Primary sources are allow-listed: official vendor documentation, official pricing pages, regulatory filings, peer-reviewed papers, and public datasets. Blog posts, social media, and secondary summaries are not primary sources.
Lifecycle, freshness, and reverification are first-class concerns. The catalogue never auto-mutates verified values; the reverification queue surfaces sources due for manual re-check.
No rankings, no recommendations, no guarantees
Across every surface, the platform refuses to assert what the reader's team must decide:
- No "best model" or "winner" claims.
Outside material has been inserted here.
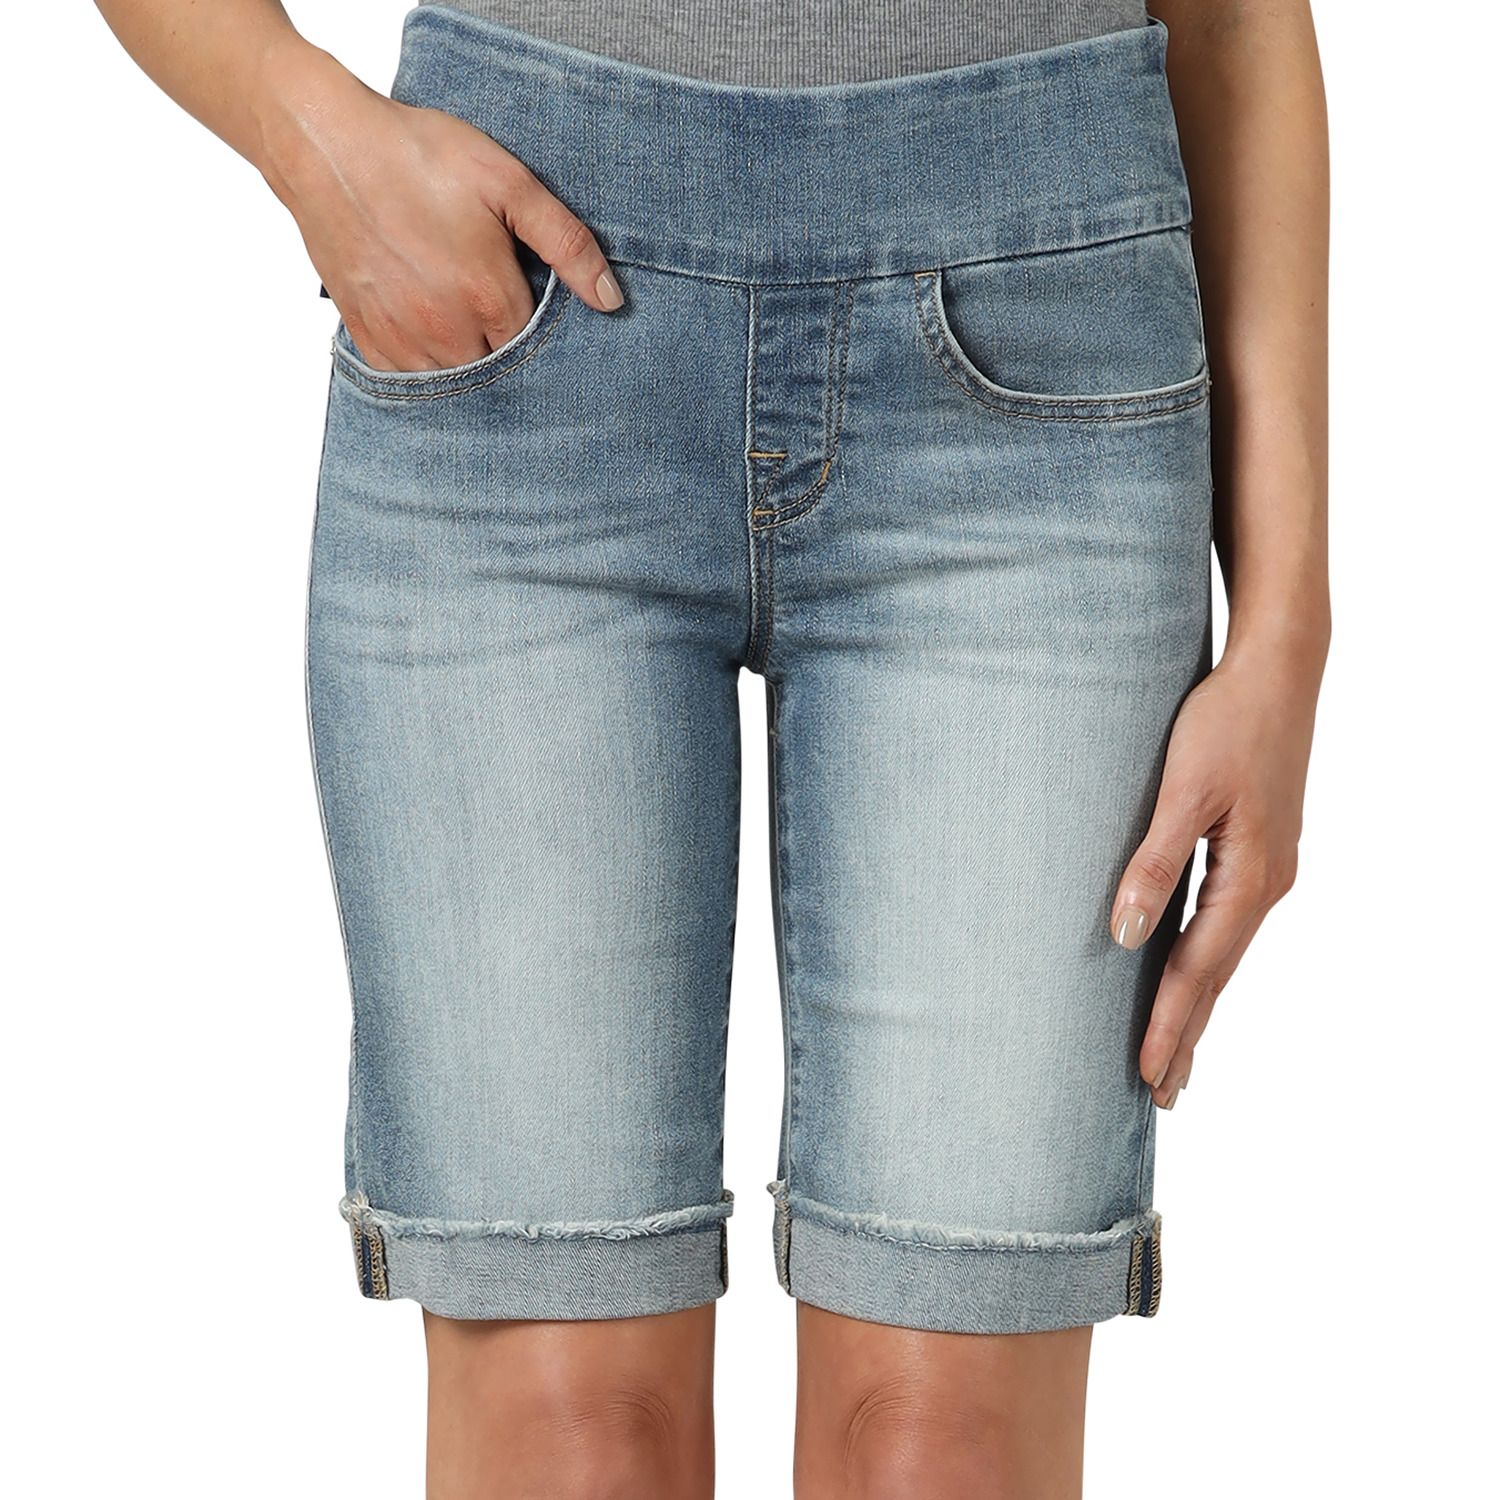 bermuda blue jean shorts

Comparisons render verified fields without scores.
- No price ranking. Pricing rows are references with retrievedAt dates.
- No fabricated latency, throughput, or uptime. Status observations are recorded; SLA assertions are not.
- No benchmark publishing. Definitions are tracked; per-model scores require independently reproducible methodology before they land.
- No certification, no compliance approval, no production readiness guarantee, no SEO ranking guarantee. The lab policy says so explicitly.
- No accounts, no progress tracking, no badges, no course completion certificates.
How to use this platform responsibly
- Pick the audience page that matches your role at /for.
- Walk the recommended learning path to ground yourself in the relevant verified fields.
- Open the workspace the path routes you through and capture inputs as a URL (shortlist, comparison, brief).
- Run the matching AI Usage Lab playbook + prompt set in your own model harness — the platform does not call live models on your behalf.
- Verify every claim against the citation registry; check the reverification queue for anything due for re-read.
- Export an evidence brief and pair it with your own workload-specific tests before integration.
- Treat every recommendation, ranking, or certification concept as out of scope. The catalogue surfaces evidence; the decision is yours.